Tristán a la salida del colegio especial y de los cursos del Inem, se acostumbró a ir a conferencias y presentaciones de libros de fantasía. Trascribía algunas de esas charlas al ordenador, para que perdurara y no se perdiera, a fuerza de trascribirlo algo se le quedaría. Algunas ya las veía por streming desde su ordenador y así no tenía que molestar a todas aquellas señoras con su tecleo impertinente. Tampoco se perdía un festival de cine, ya fuera de cine fantástico, gore, o de series o videos de YouTube. Entraba gratis a los museos con su carné de parado. Y así se fue conformando una vida cultural que le mantenía por unas horas alejado de su ordenador. Esto agradó a su madre, que ya pensaba que su hijo tenía el corazón frio, hecho de silicio, o que una manzana de Macintosh se lo había sustituido, como al hombre de hojalata. Tristán se escribía en la mano cosas que quería recordar porque así no se le olvidaba: títulos de pelis o libros que le recomendaban los frikis de su grupo. Sólo pisaba su casa para encerrarse en el cuarto con el ordenador a ver videos, series, escribir o bajarse películas por el Emule.

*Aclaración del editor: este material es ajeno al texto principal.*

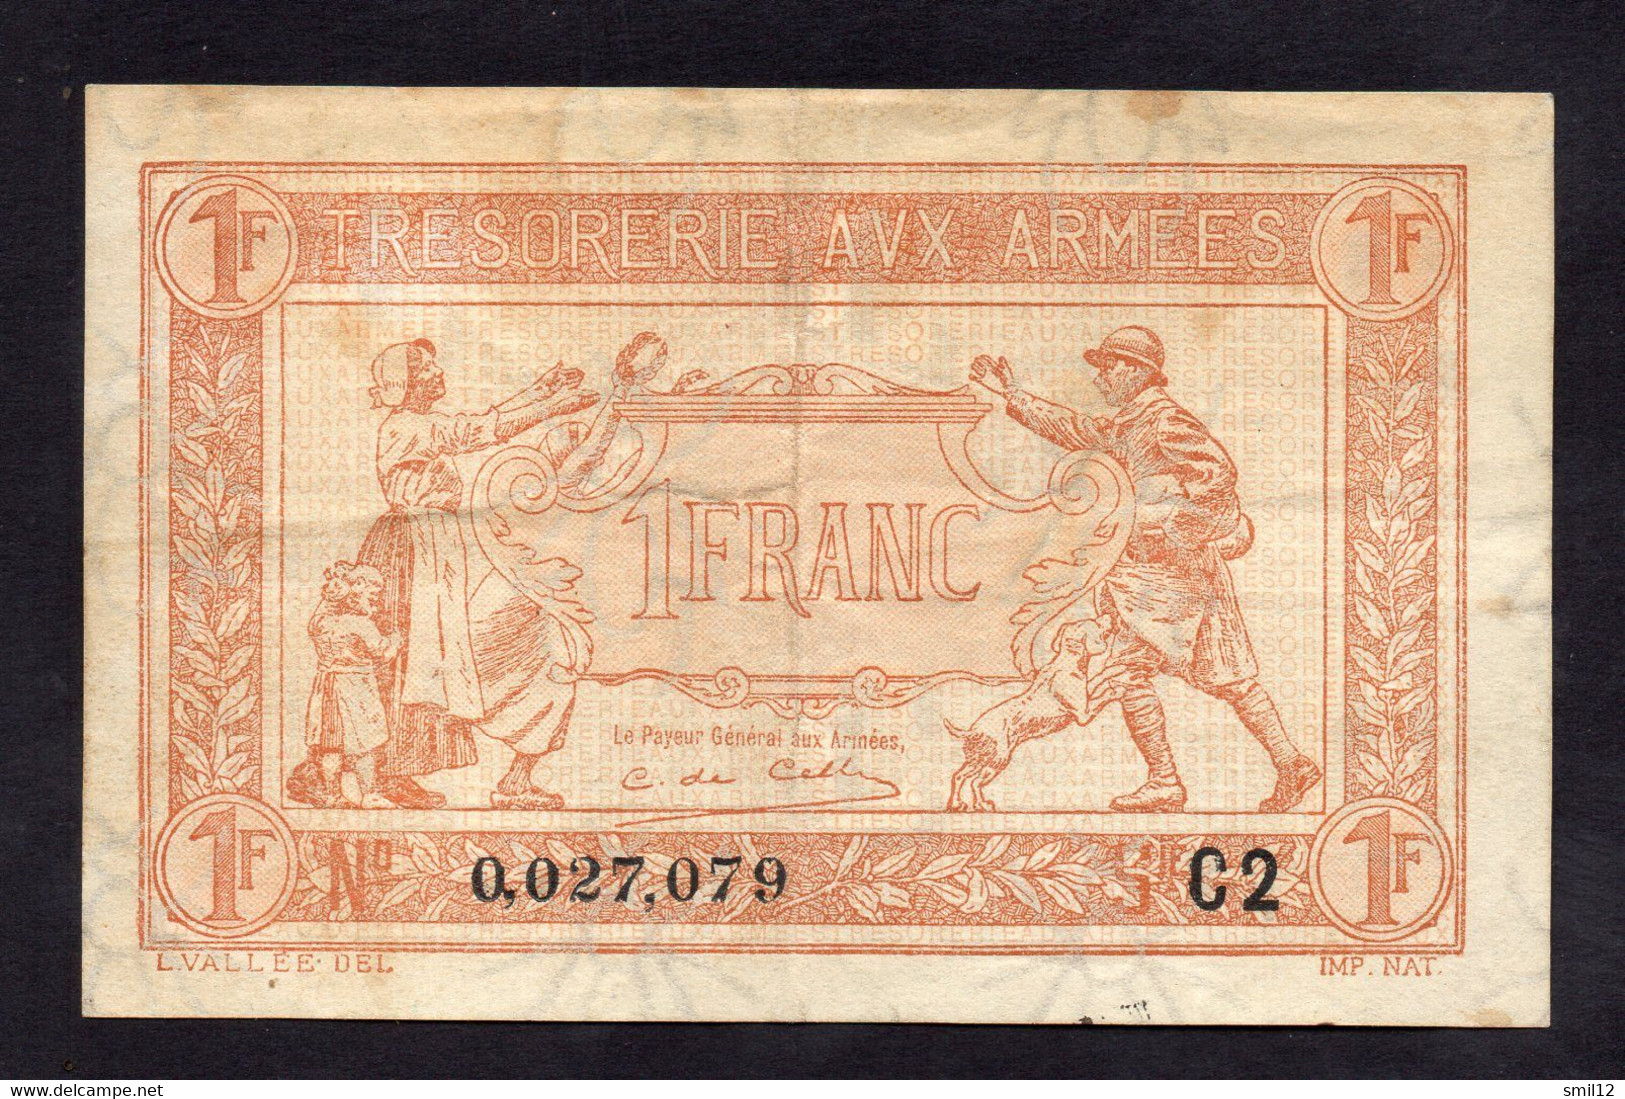 Trésorerie Aux Armées - 1 Franc - Lettre C2 - 1917-1919 Army Treasury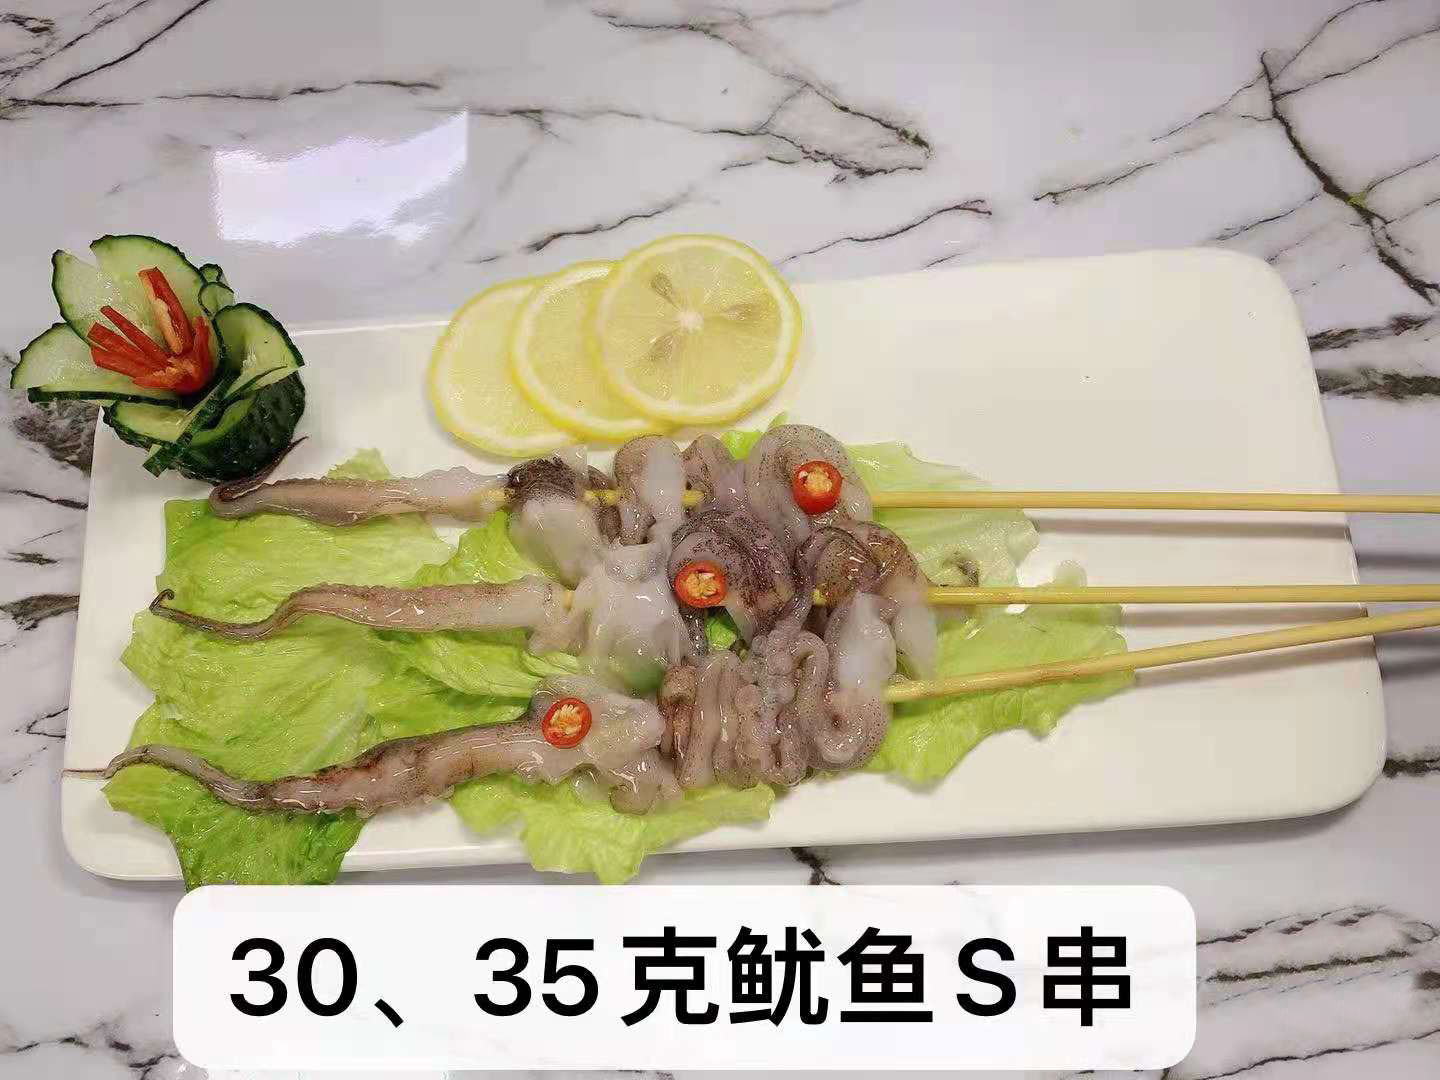  30、35克魷魚S串

El ordenador se había convertido en parte de sí mismo y el ratón era ya una extremidad más de su cuerpo.

 
Aquella noche iba a ser especial. Se celebraba la clausura del festival de cine gore Caostica en el monte Artxanda. Habían dejado mascaras para que la gente se pusiera y había barra libre de cervezas. Tristán se puso una careta de Jocker, y mientras veía los cortos de terror y cine fantástico imaginó hacerse con una sierra eléctrica y provocar una masacre en aquel evento. Se haría una careta de pieles humanas. Después de las películas entregaron unos premios, y lo grabó todo con su móvil. Algunos cineastas y actores de los cortos conversaron con los asistentes. La noche acabó haciendo una pequeña hoguera en la ladera. Leyeron cuentos góticos de vampiros. Les metieron miedo: en aquel monte, aislado del resto de Bilbao, cualquier asesino podía descuartizarles, sin que nadie se enterara. Aquellas historias para no dormir no asustaban en absoluto a Tristán. Su vida había sido el peor relato de terror que se puede contar ante la lumbre. Se acordó del macarra de su padre, siempre borracho o ausente, se largaba a Marruecos sin decir nada y volvía con una bolsa llena de marihuana. Pero no quería dedicarle ni un segundo de su recuerdo.  

 
Aquella fogata le recordaba a las que hacían los monitores en los campamentos scout a la que su madre le obligó a ir, obsesionada con que hiciera amigos. Asaban patatas, chistorras, y a veces saltaban el fuego como en las sanjuanadas o en las fiestas de san Roque. Era verano. Posiblemente hoy fuera San Juan. La luna brillaba llena en una noche sin estrellas. En aquellos campamentos solían subir a una explanada a contemplar astros: el cinturón de Orión, las constelaciones de la osa mayor y menor, Leda, o la estrella polar que venía del ártico y había iluminado el portal de belén y guiado a los reyes magos. Tristán contemplaba el cielo vacío esa noche. No había estrella a la que pedir un deseo. Él seguía su propia estrella, pero sólo había sido un estrellado en la vida. La luna convertía en lobos a los hombres aquella primera noche del verano. A Tristán le hubiera gustado quemar todos sus libros de reinos mágicos y crónicas de Nardia en una pira común y empezar de nuevo. También le hubiera gustado que le salieran colmillos y chuparles la sangre a todos, bajo el amparo de la luna cascabelera de los lunáticos. Tristán quería arder con las llamas y sentir cómo su cuerpo se quemaba y se purificaba hasta llegar al cielo. El fuego purifica el alma. Y entonces todos danzarían en un aquelarre y orgía dionisiaca hasta el amanecer. El demonio le señalaría con su pezuña y le sacaría de su infierno, el de los otros. Nada de todo esto pasó, solo eran las fantasías de un gótico que daba miedo con sus cadenas, pero que ahora se había quedado dormidito como un niño bueno en el calor de la noche de verano. Otra pesadilla: los otros niños le pegaban con el palo de freír chorizos y avivar la hoguera scout.